Риллавен напрягся: если простяга и грубиян Малькольм решил соблюдать требования этикета, ждать надо больших неприятностей. Или очень жестоких в своей правдивости слов.
– Вы предпочли удрать в кусты, владыка Нитриена, запереться в долине. Неудивительно, что Оуэн сломался под непосильным грузом. И всё же мечту вашу, ту, которая тоже была на двоих, он выполнил. Как сумел. Междоусобных войн в Европе с тех пор нет, только орденские. – Малькольм взглянул владыке в лицо, на миг стал настоящим – проницательным, многомудрым людем с железной волей. И опять скрылся за маской деревенского дурачка. – Почему ты закрыл долину, Риллавен, владыка Нитриена, – действительно ли хотел спасти своих подданных от войны, или боялся услышать из уст Беловолосого слово «предатель»? А после четыреста лет прятался ото всех, кто хоть сколько-нибудь его знал. И едва пришлось выползти из норы в большой мир, попытался отмыться от скверны чистой кровью. Вполне логичное завершение пути.

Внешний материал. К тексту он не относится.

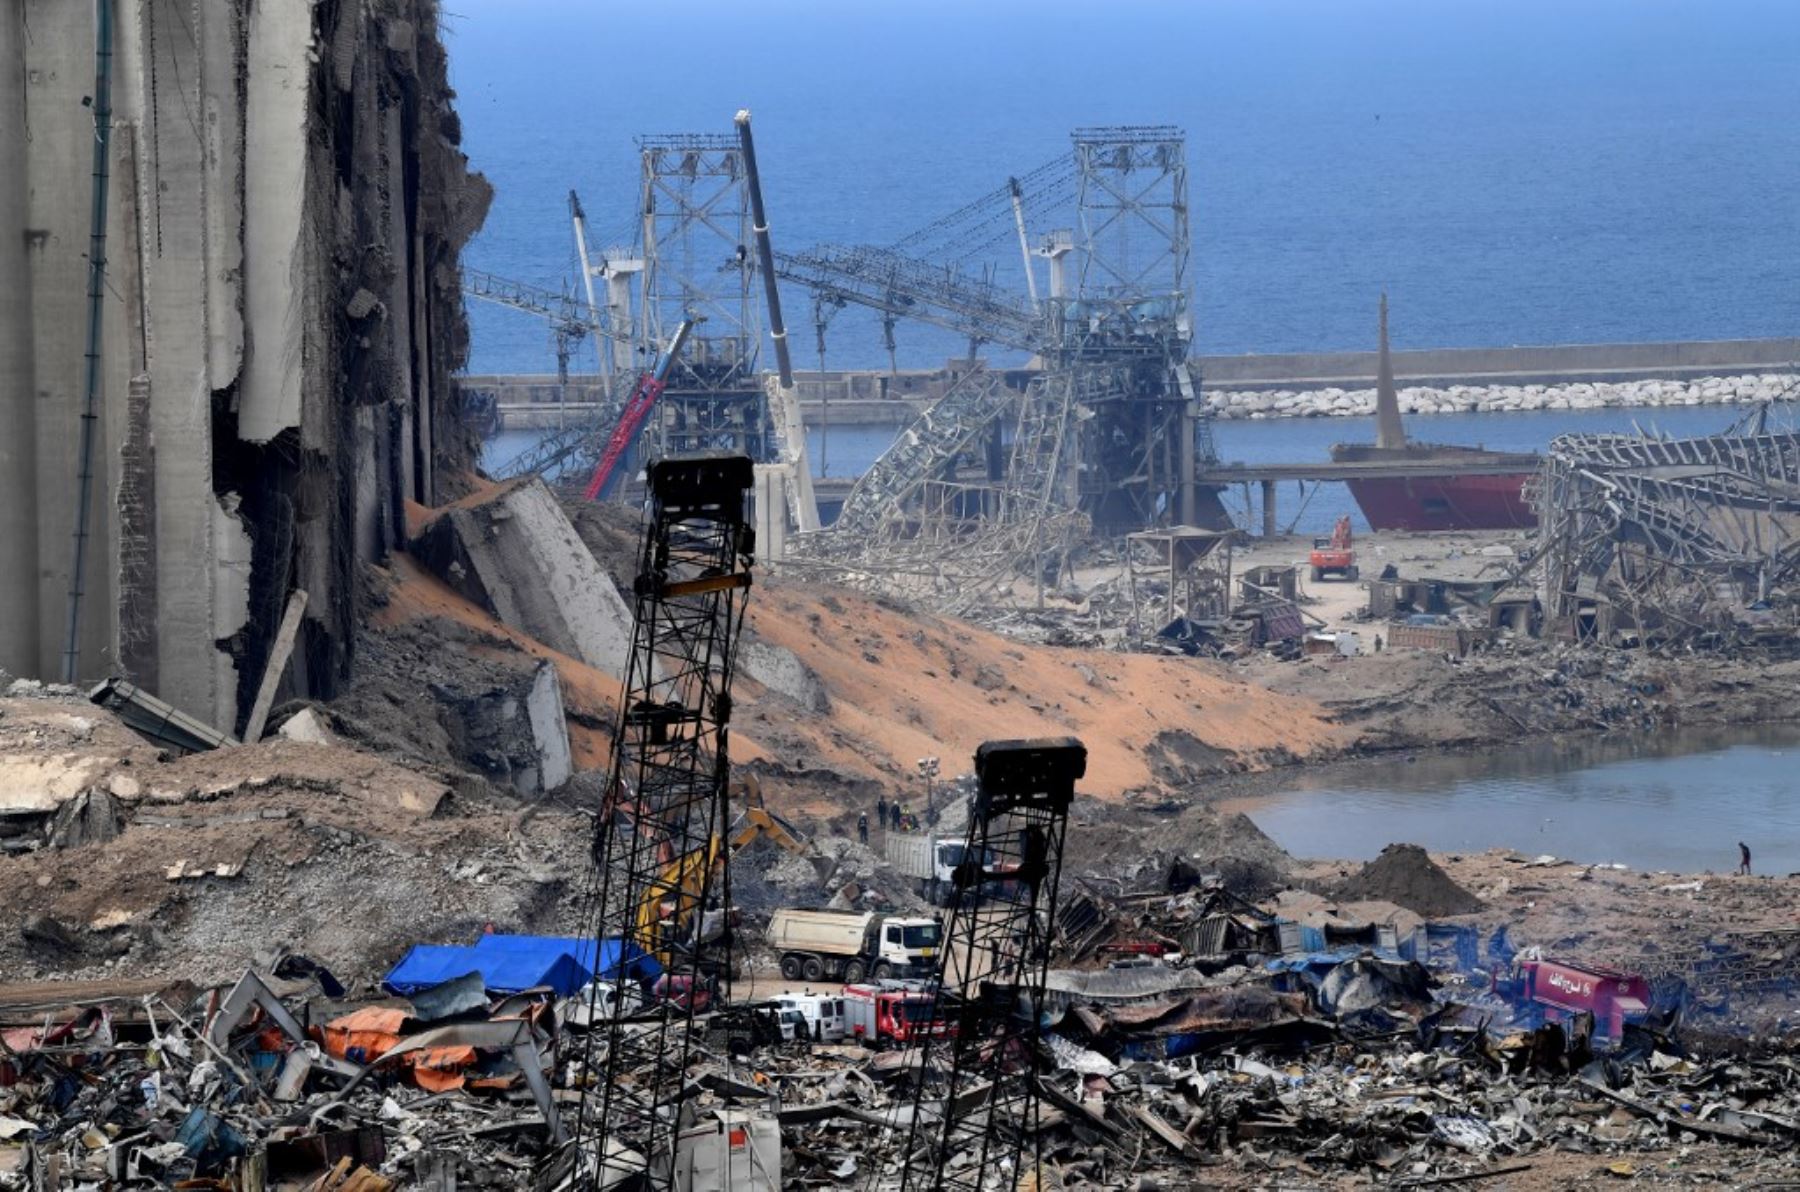 Una fotografía tomada el 7 de agosto de 2020 muestra una vista de silos de grano destruidos en medio de la devastación en el puerto de Beirut, el lugar de una explosión masiva que sacudió la capital libanesa. Foto: AFP

– Проводника я, Риллавен, тебе дам, – сказала Феофания. – Исключительно ради Нитриена, нельзя обрекать долину на гибель. – Вампирка глянула на поникшего, отрешённо глядящего в пол хелефайю. – И всё-таки ты незаслуженно везуч. Если бы только ты шёл с искуплением не Славяну-Освободителю… Клянусь пред изначалием, Риллавен, я на кишках бы тебя повесила. Собственноручно. А ещё лучше – отдала бы владыке Эндориена. Он книгочей, премудрый, не мне чета. Такую бы казнь тебе измыслил… Потёмочная смерть пустяком покажется. Но право первого суда действительно принадлежит не мне. А Славянов суд ни один вампир оспаривать не станет никогда. Да и в Эндориене тоже согласятся с его решением.
– Я одного не пойму, – сказал Риллавен. Взгляд поднять он так и не осмелился, обвисшие уши отвернулись к затылку. Вампирам даже стало его жаль. – Почему Оуэн так меня и не проклял. Ни на эшафоте, ни в посмертии.